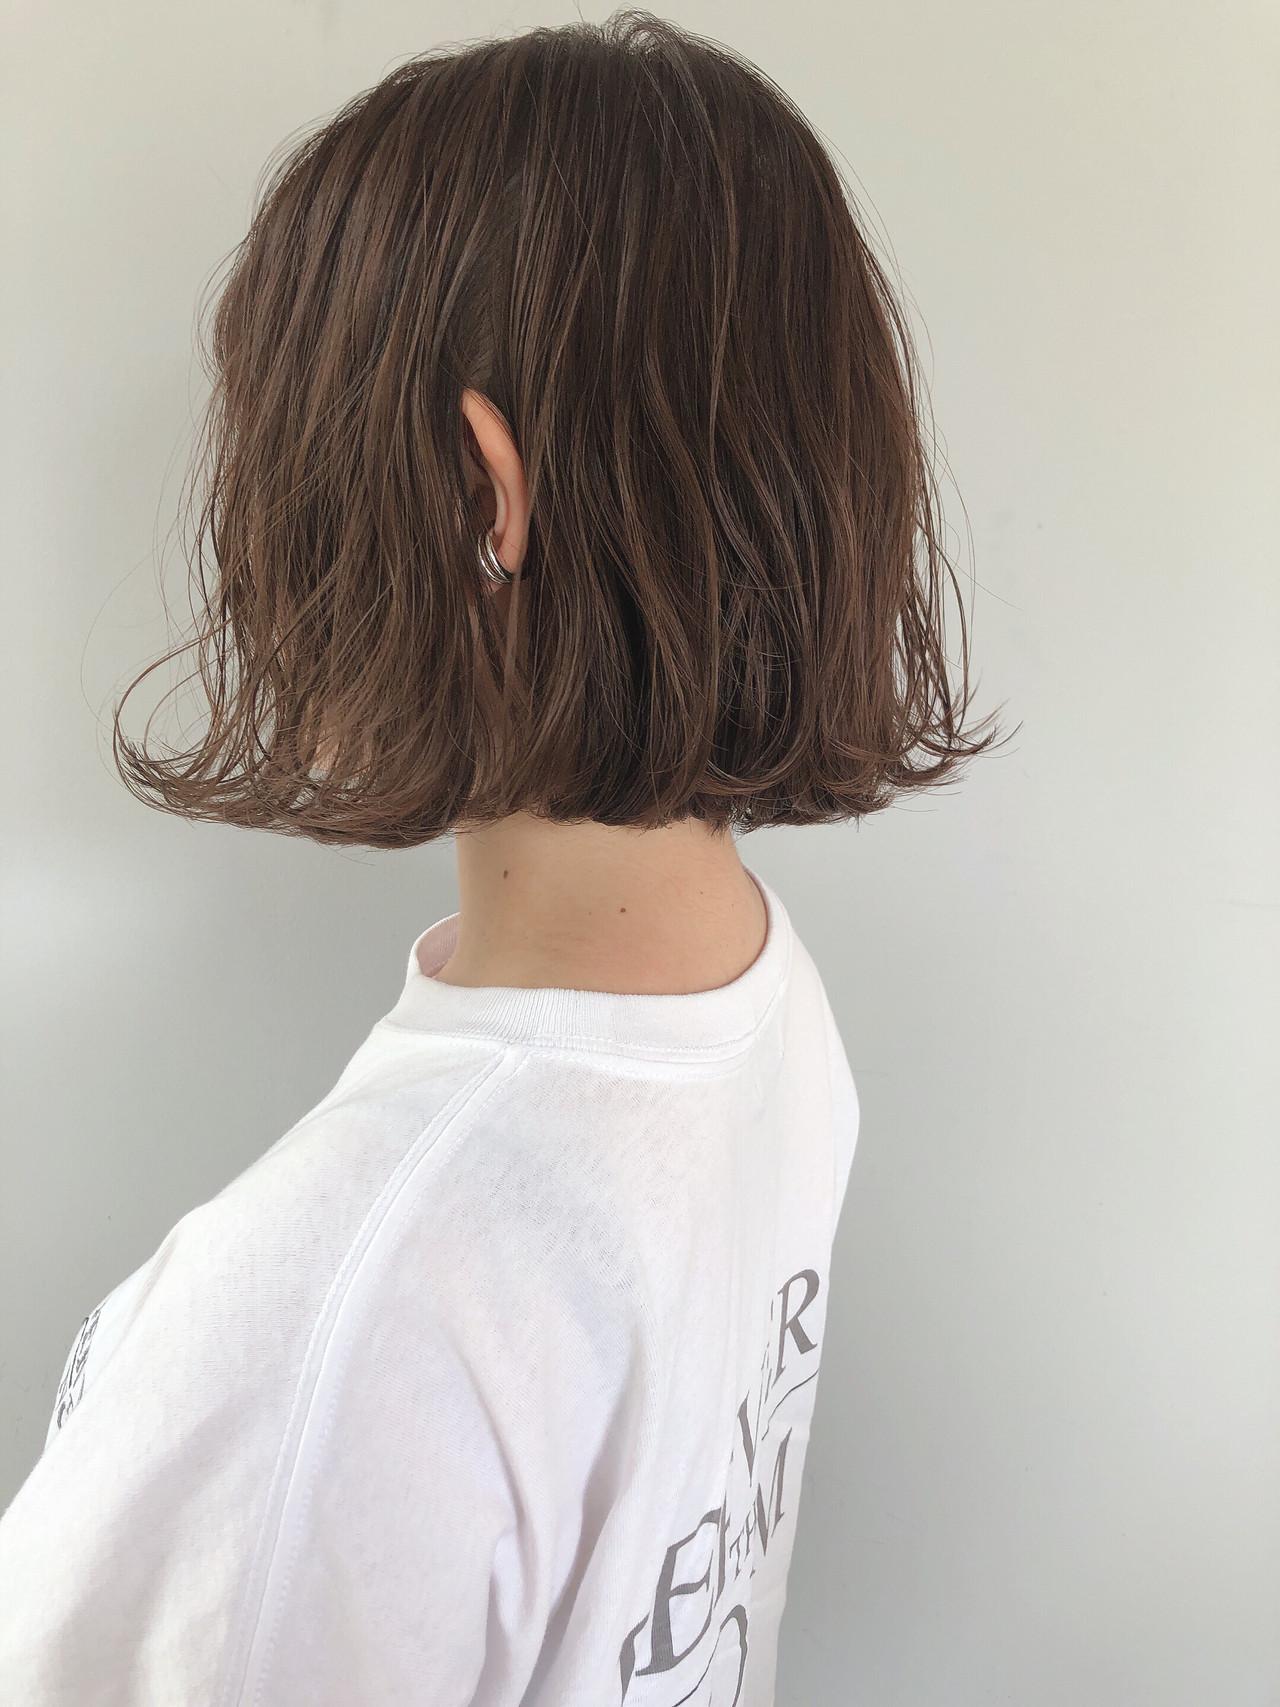 ナチュラル ミルクグレージュ ミニボブ 大人かわいい ヘアスタイルや髪型の写真・画像 | 上田智久 / ooit 福岡 天神 / ooit
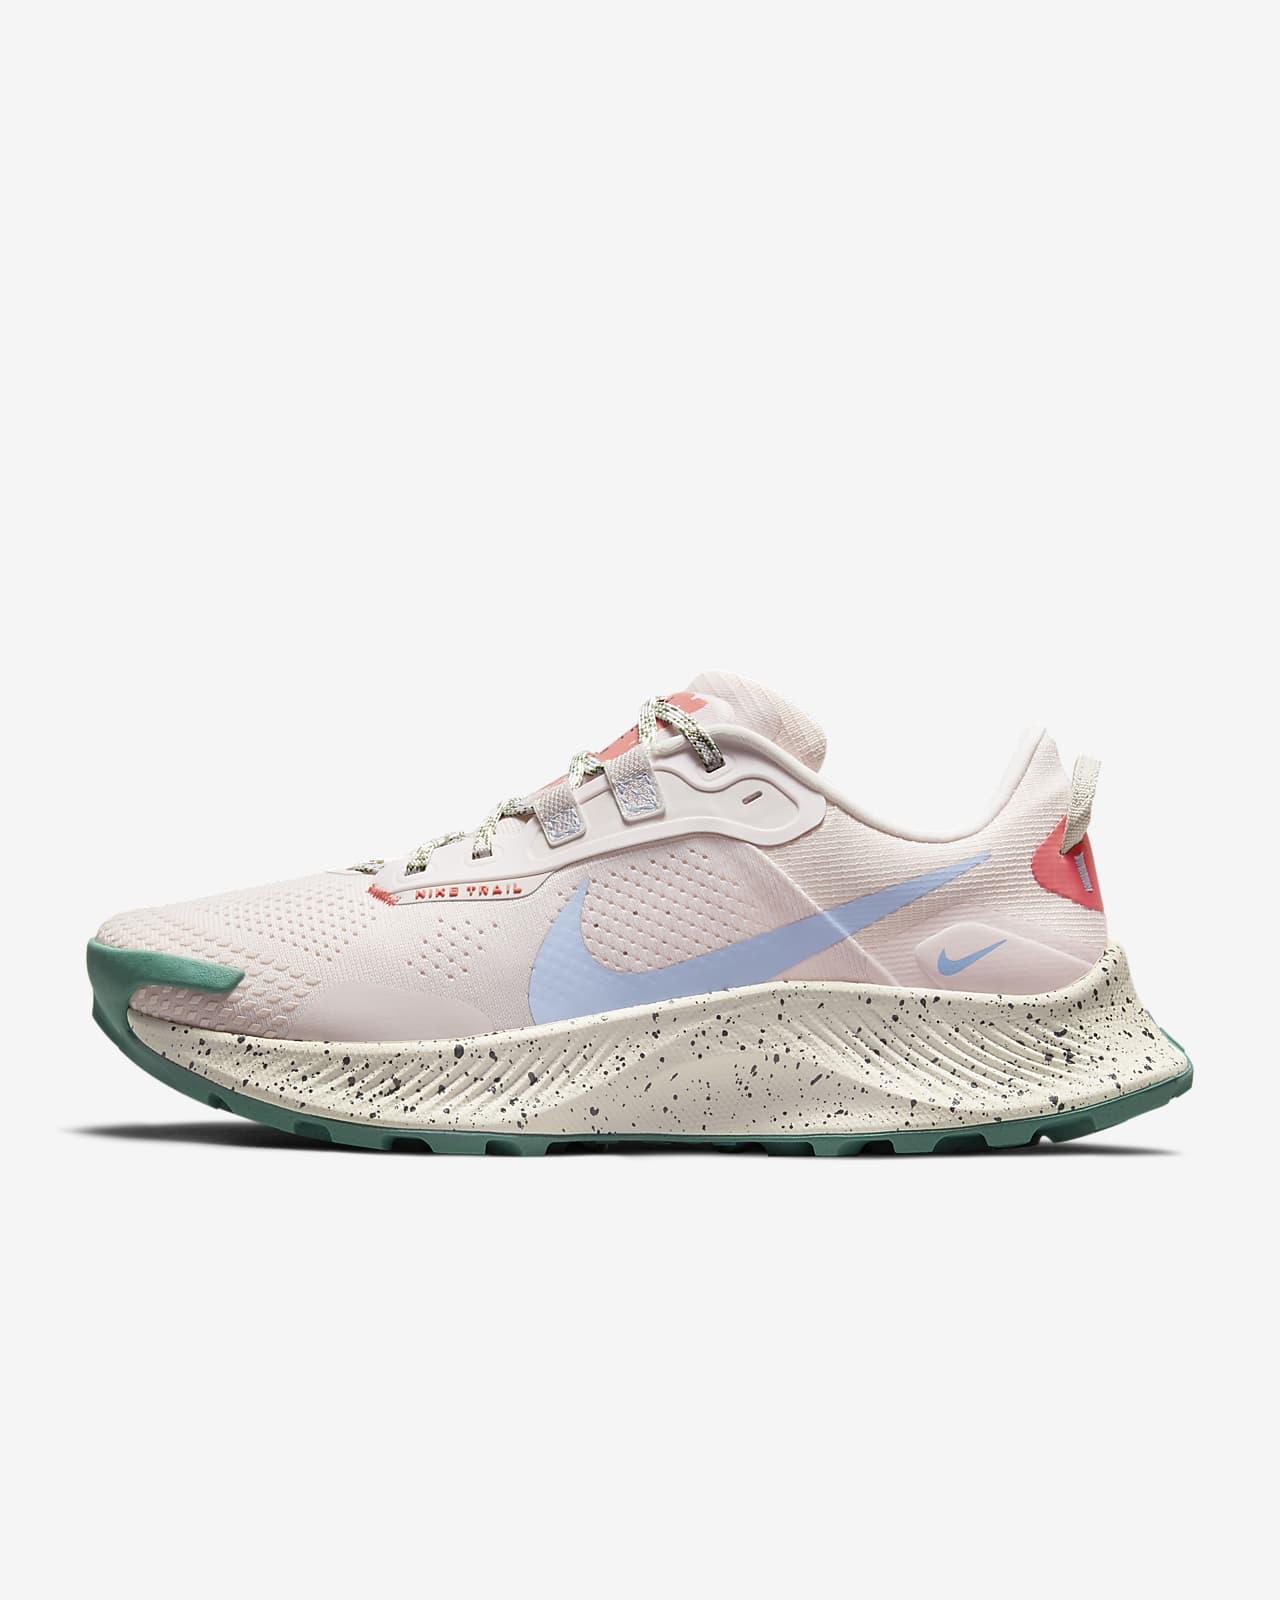 Γυναικεία παπούτσια για τρέξιμο σε ανώμαλο δρόμο Nike Pegasus Trail 3
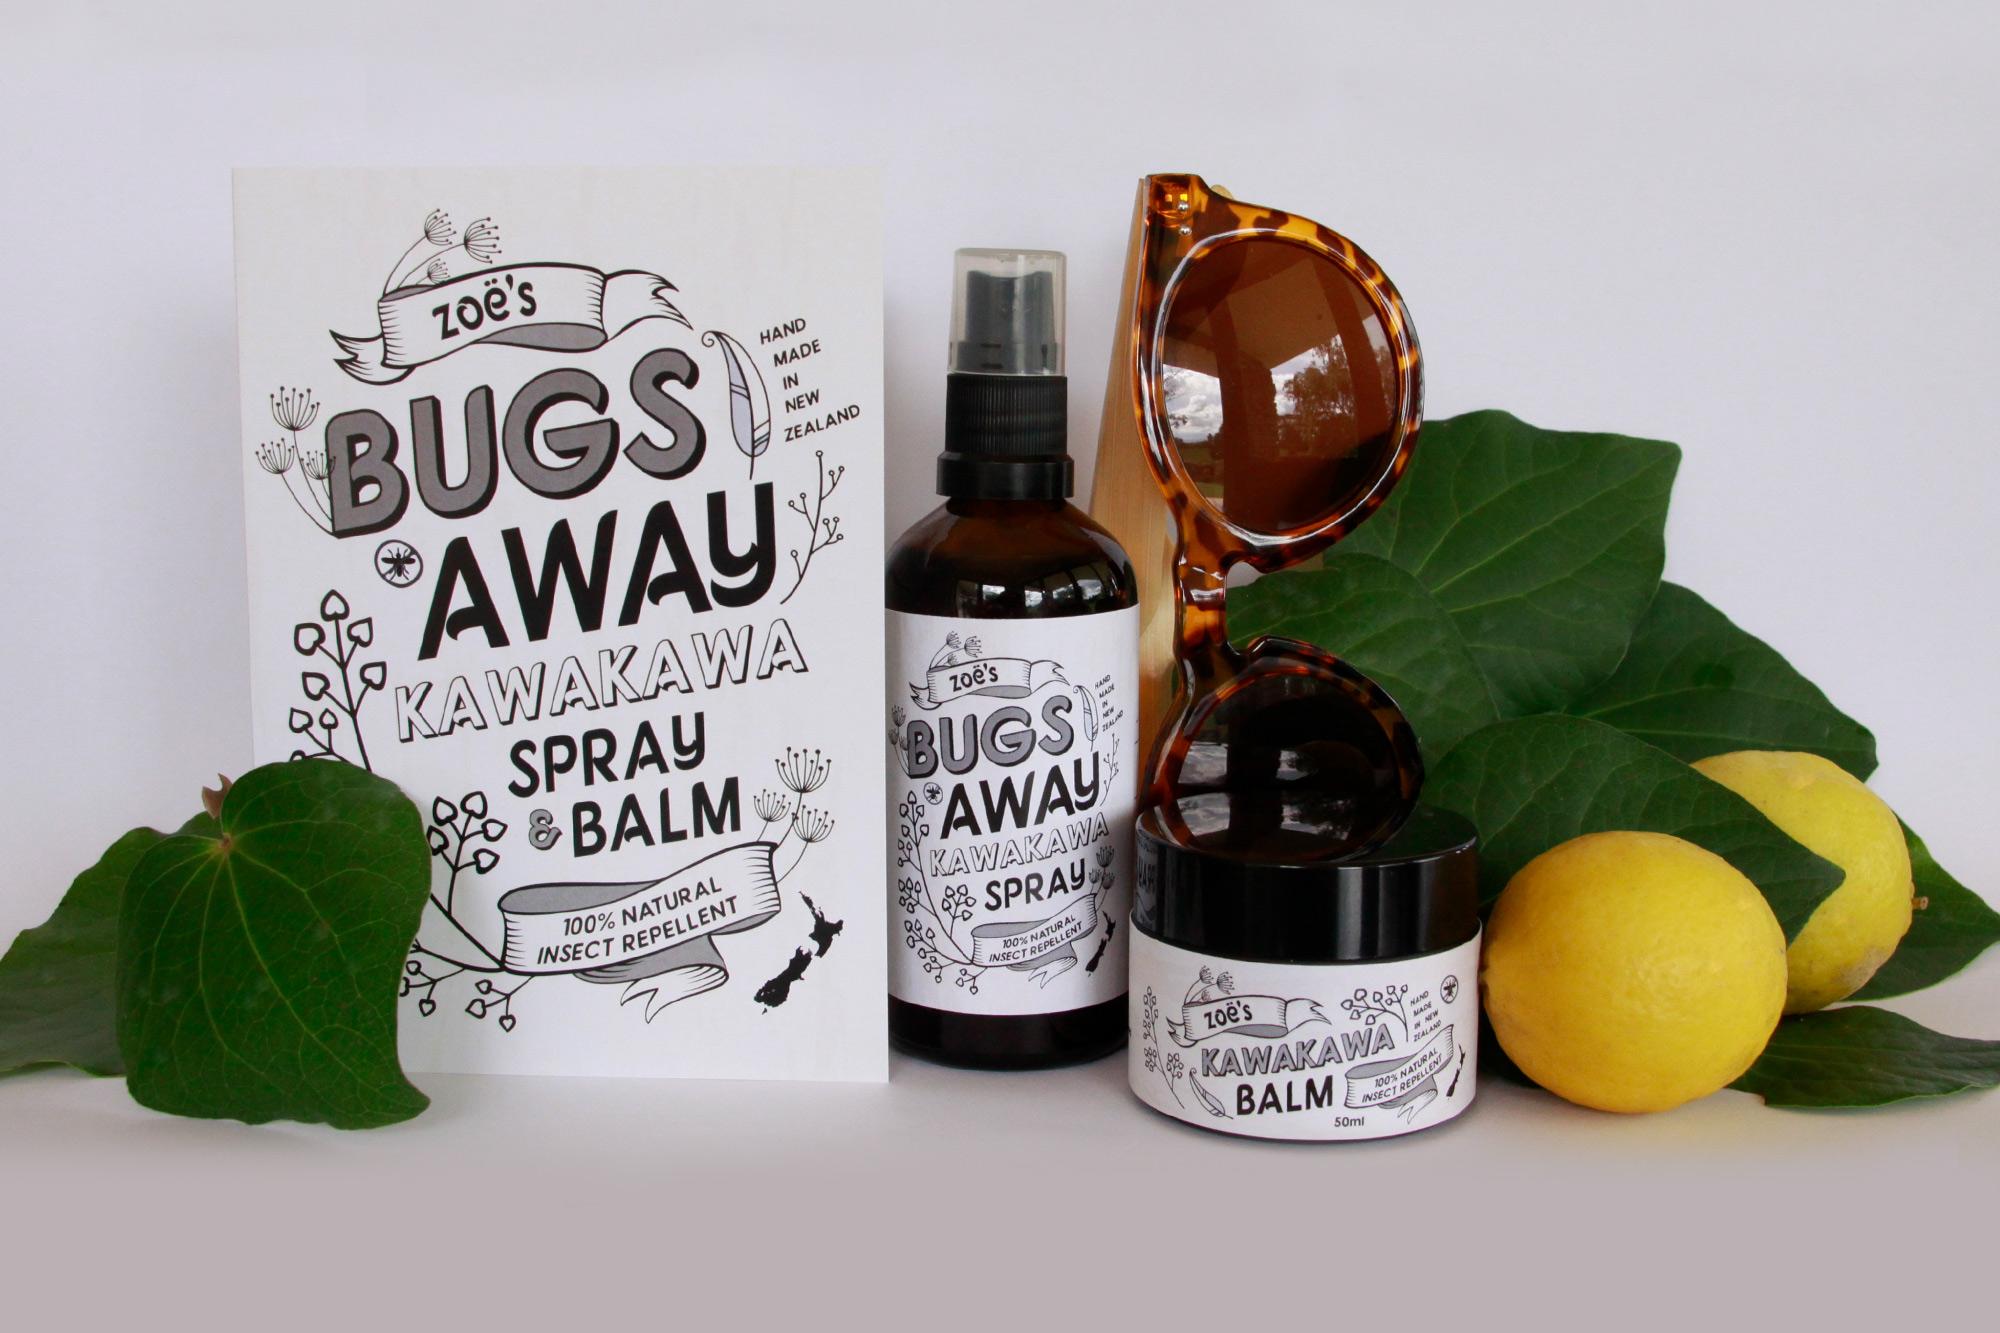 zoes_Kawakawa_balm_spray_lemon_eucalyptus2.jpg

Exercise -
Quote the data exactly, leaving every image out of the copy.

Solution to this task -
 ナチュラル ミルクグレージュ ミニボブ 大人かわいい ヘアスタイルや髪型の写真・画像 | 上田智久 / ooit 福岡 天神 / ooit
 Γυναικεία παπούτσια για τρέξιμο σε ανώμαλο δρόμο Nike Pegasus Trail 3
 zoes_Kawakawa_balm_spray_lemon_eucalyptus2.jpg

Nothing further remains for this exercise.